Statistical concepts are commonly asked in data science and machine learning interviews. In this tutorial, we’ll delve into the top 12 interview questions related to these concepts and provide guidance on how to effectively answer them. The Python code for simulating the statistical concepts will also be provided where is applicable.

**Resources for this post:**

- Video tutorial for this post on YouTube
- Click here for the Colab notebook
- More video tutorials on Data Science Interview Questions and Statistics
- More blog posts on Data Science Interview Questions and Statistics

Let’s get started!

### Question 1: What is the central limit theorem?

The Central Limit Theorem states that the sampling distribution of the mean of a large number of independent, identically distributed random samples will approach a normal distribution, regardless of the original population’s distribution.

Here’s a sample Python code to demonstrate the Central Limit Theorem using the `numpy`

and `matplotlib`

libraries:

import numpy as np

import matplotlib.pyplot as plt

# Define population parameters

population_mean = 50

population_std = 10

population_size = 1000

# Generate a population with a non-normal distribution

population = np.random.gamma(population_mean, population_std, population_size)

# Define sample parameters

sample_size = 50

num_samples = 1000

# Draw multiple samples and calculate their means

sample_means = [np.mean(np.random.choice(population, sample_size)) for _ in range(num_samples)]

# Plot the histogram of sample means

plt.hist(sample_means, bins=20, density=True)

plt.xlabel('Sample Mean')

plt.ylabel('Frequency')

plt.title('Central Limit Theorem Demonstration')

plt.show()

This code creates a non-normal population, takes multiple samples from the population, calculates the means of these samples, and then plots the distribution of the sample means, illustrating the Central Limit Theorem in action.

### Question 2: What is the law of large numbers?

The Law of Large Numbers states that as the number of trials or observations in a random experiment increases, the sample average converges to the expected value, or true population mean.

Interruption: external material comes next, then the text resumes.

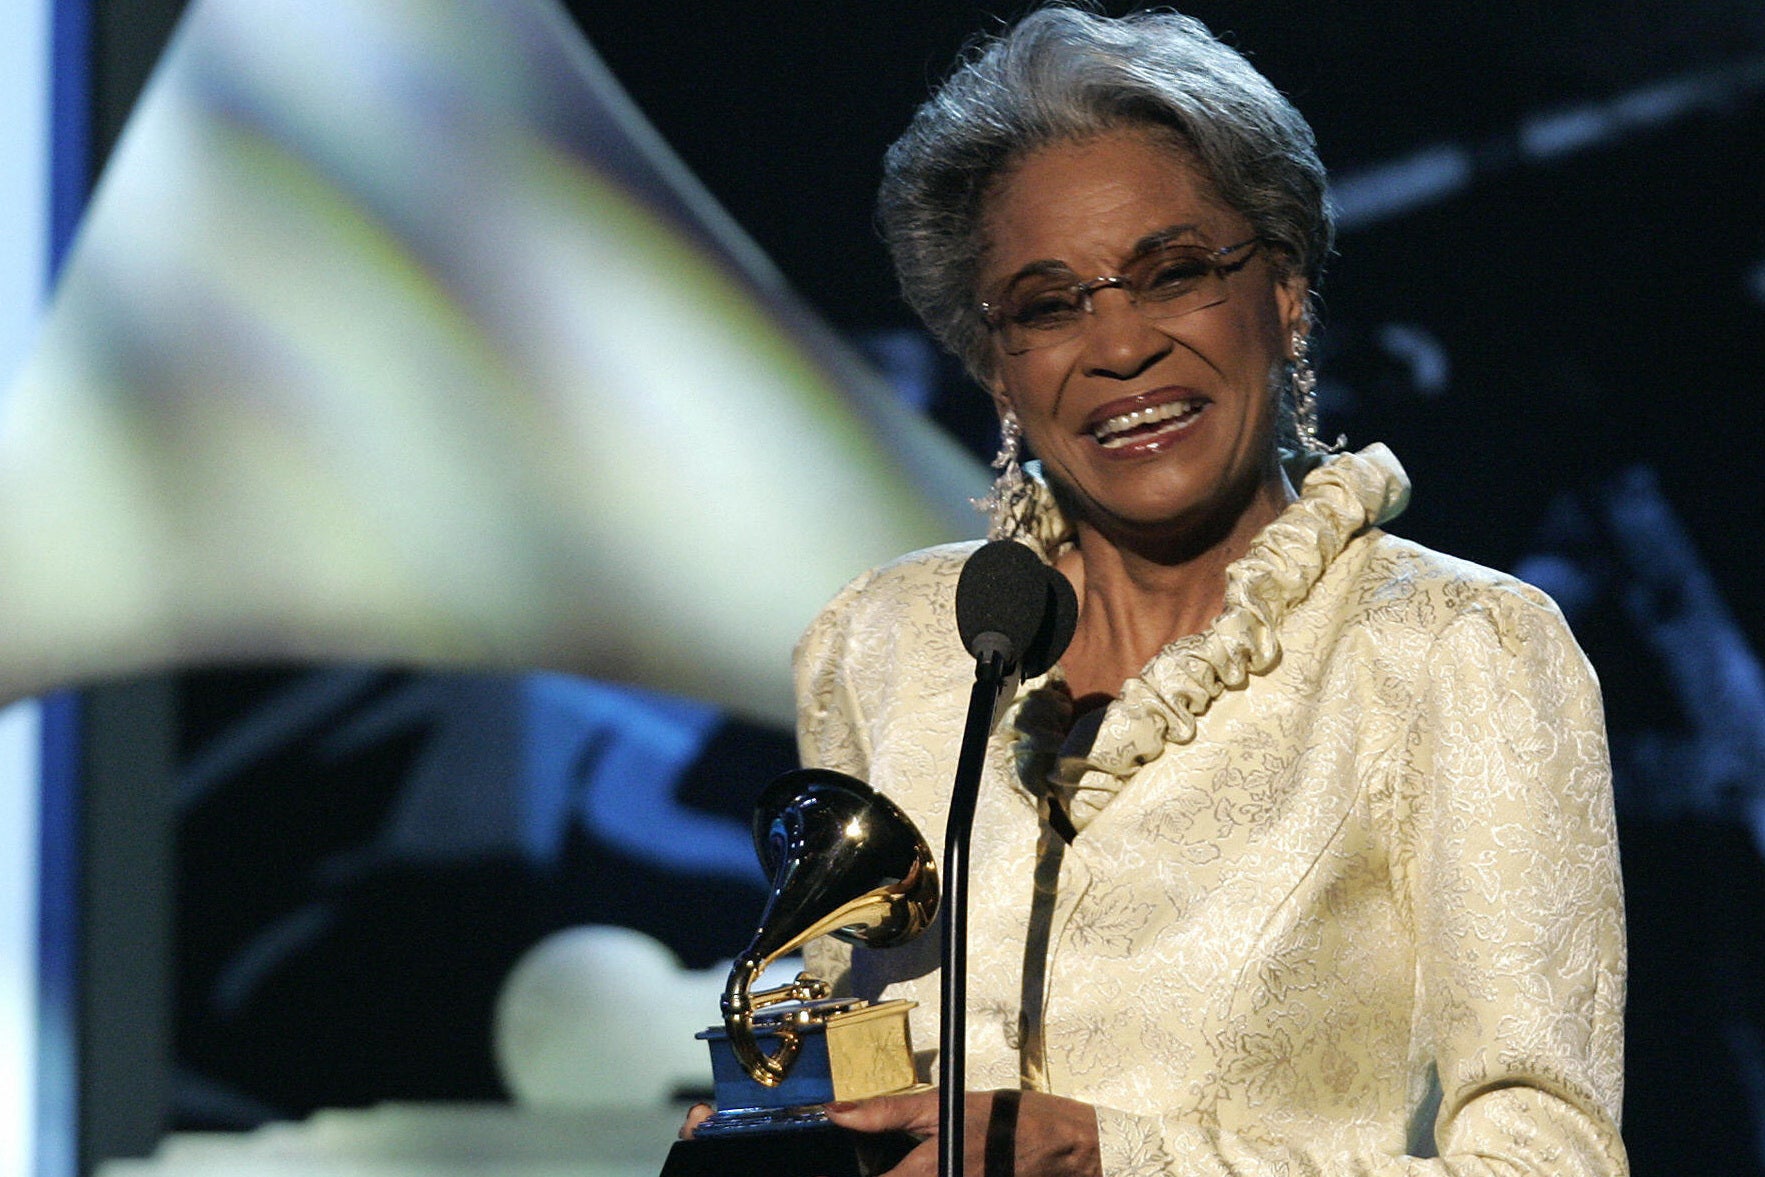 Wilson receives the best jazz vocal album Grammy in 2005

Here’s a sample Python code to demonstrate the Law of Large Numbers using the `numpy`

and `matplotlib`

libraries:

import numpy as np

import matplotlib.pyplot as plt

# Define population parameters

population_mean = 50

population_std = 10

population_size = 1000

# Generate a population with a normal distribution

population = np.random.normal(population_mean, population_std, population_size)

# Define the number of trials

num_trials = [10, 50, 100, 500, 1000, 5000, 10000]

# Calculate the sample averages for different numbers of trials

sample_averages = [np.mean(np.random.choice(population, n_trials)) for n_trials in num_trials]

# Plot the sample averages vs. the number of trials

plt.plot(num_trials, sample_averages, 'o-', label='Sample Average')

plt.axhline(population_mean, color='r', linestyle='--', label='Population Mean')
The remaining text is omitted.